Gaz's eye twitched as a wad of paper thumped against the back of her book. She slowly lowered it, shooting the most venomous scowl she could muster towards the offender. Of course it was her brother's stupid friend, she thought.

"What?" She snapped.

"Where is your sibling?" He demanded.

Gaz snorted, raising her book once more. "He had to go to his counselor meeting."

Oh. Zim vaguely remembered being assigned something like that. Some strangely cheery meat sack in a suit had appeared on his doorstep asking to speak to his parents and check on his "home situation." Naturally, Zim had let them in, dropped them into a vacuumed tank, shot it into space, and had the computer fabricate a letter regarding an early retirement. Afterwards, he'd deleted any mention of ongoing counseling from his records and had his computer running a background program to flag and delete any new requests.

"Cursed boy," he hissed, talons digging holes in the frail wooden chair. "When will he be serving his new detention?"

"He's not," Gaz replied, shooting him another withering look. "I'm taking his detention for him so he doesn't go to the loony bin again for ditching his meetings."

Zim's eyes widened, "That is cheating!"

"Sssh!" The drone quickly snapped. Zim snarled at her, waiting until her attention had left him once more. He vacated his seat, planting himself directly in front of the human girl.

"You will tell me where he is, or I'll—!"

"I told you," Gaz interrupted. "He's at his counselor's meeting."

"LIES!"

"SSSHH!"

Zim slumped back into his seat. After another staring match, he turned back to the earth teen once more. "Your lies cannot fool me, little Gaz. Your filthy brother does not see his counselor till the 15th. Today is only the 3rd. I will ask again, where is he?" He pointed an accusing finger at her. "If you have dared to aid him in his quest to invade my base, I'll—!"

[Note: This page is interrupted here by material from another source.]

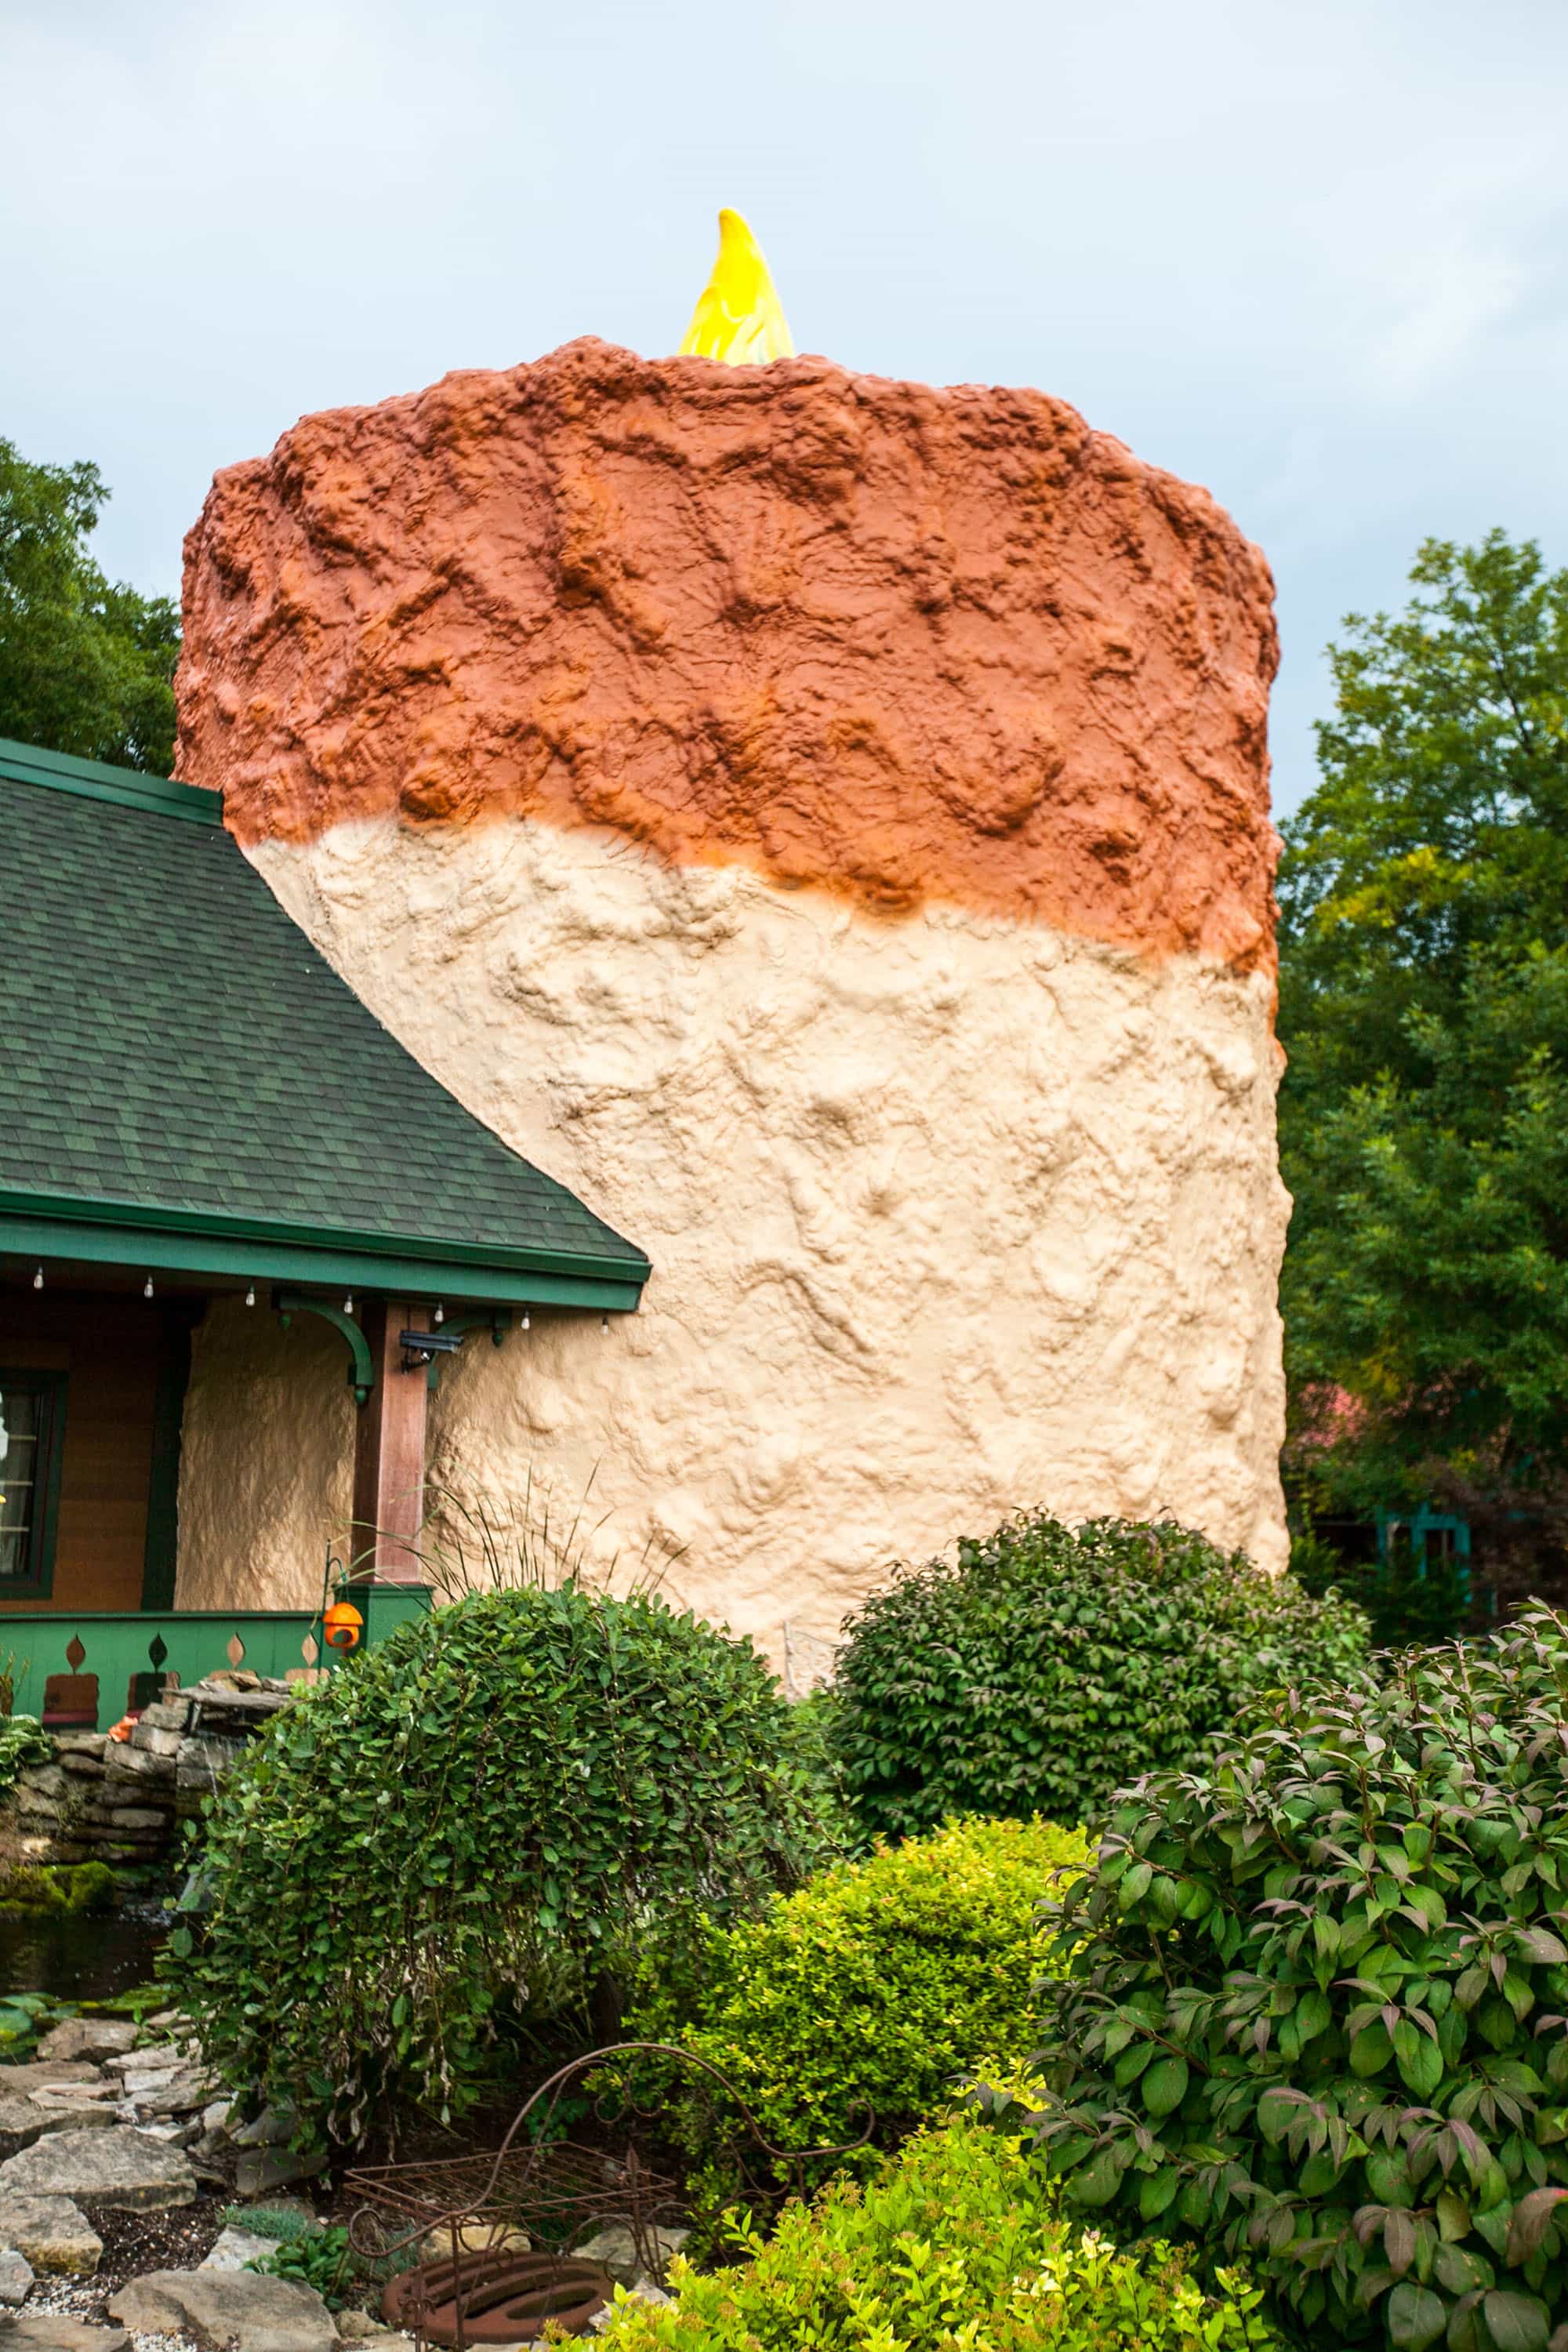 World’s Largest Candle in Centerville, Indiana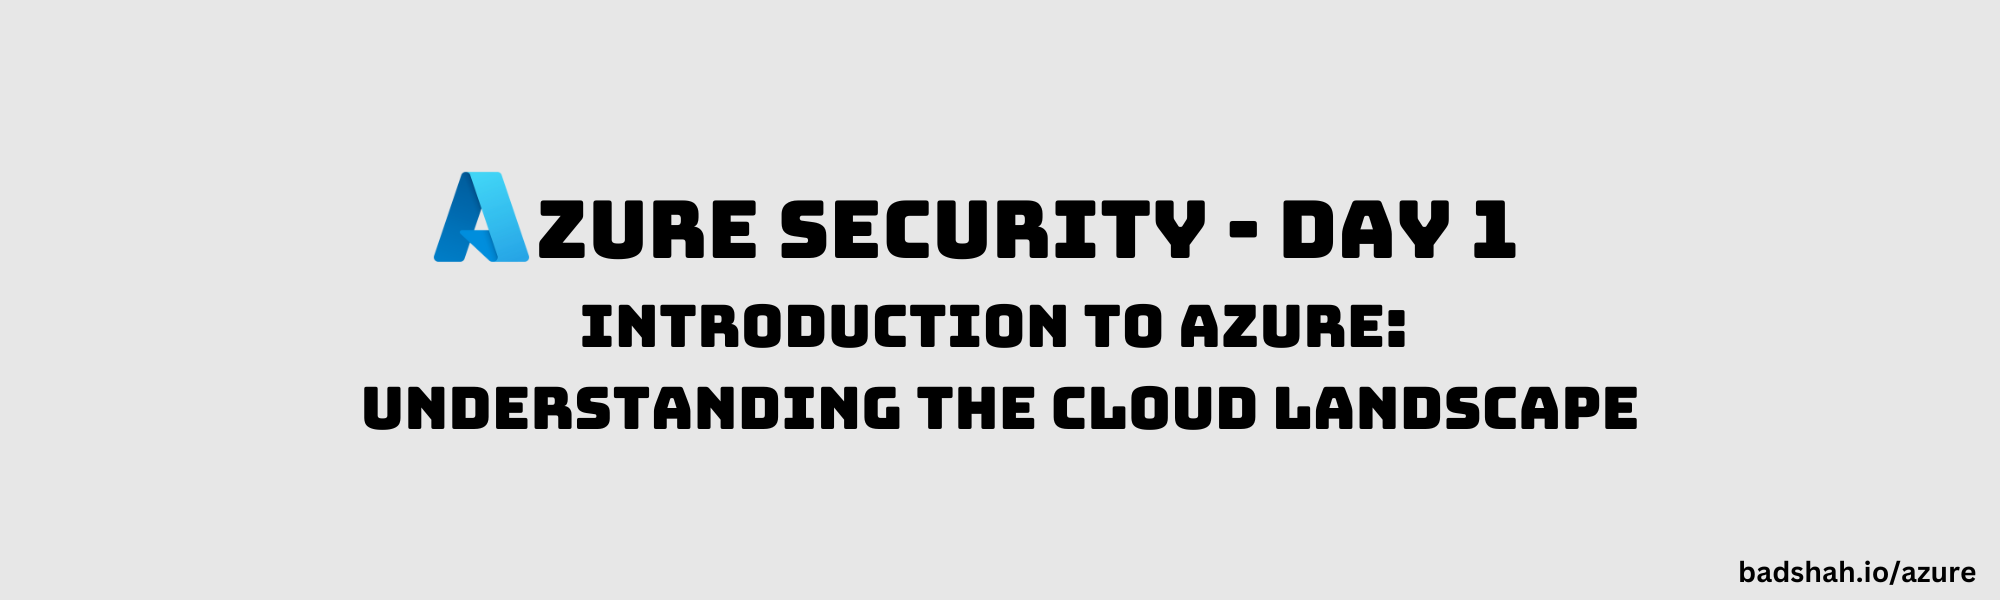 /azure/introduction/cover-image.png

Gaz's book slammed into his finger. He choked on a pained cry, cradling said finger to his chest.

"First off," she began. "I don't even want to know how you know his schedule. But also, prove it."

Zim scoffed. With his good hand, he reached into his PAK, seeming to search around for a moment before something dinged. A moment later, he extracted a piece of paper which he slapped on Gaz's desk triumphantly.

"See?" He sneered. "It appears we have both been duped, little Gaz. How this betrayal must sting in your pitiful, slimy organs."

"You're so gross," she snapped, picking up the paper.

After a moment, the paper was crushed in her hand, wadded into a ball, and shoved in her pocket. The next moment, she hopped out of her desk, taking her backpack with her.

"Hey!" The education drone complained.

Gaz rounded on her, shooting her a vicious look that silenced whatever criticism she'd meant to impart. Zim's eyes darted between them a moment.

Finally, the staring match drew to a close as the drone slunk in her seat, gulping. Gaz huffed, turning on her heel and stomping out.

"I, uh," he said, shooting to his feet. "She's my, uh, my ride home! Excuse me!"

And he followed after.

He caught up to the earthling quick enough. While she and every other earth monkey had grown over the years, Zim, too, had flourished. He suspected the weaker gravity of Earth's orbit had something to do with it. Or perhaps it was his ingenious, burning growth serums that had made his bones ache for months on end. Such pain. He shuddered at the memory.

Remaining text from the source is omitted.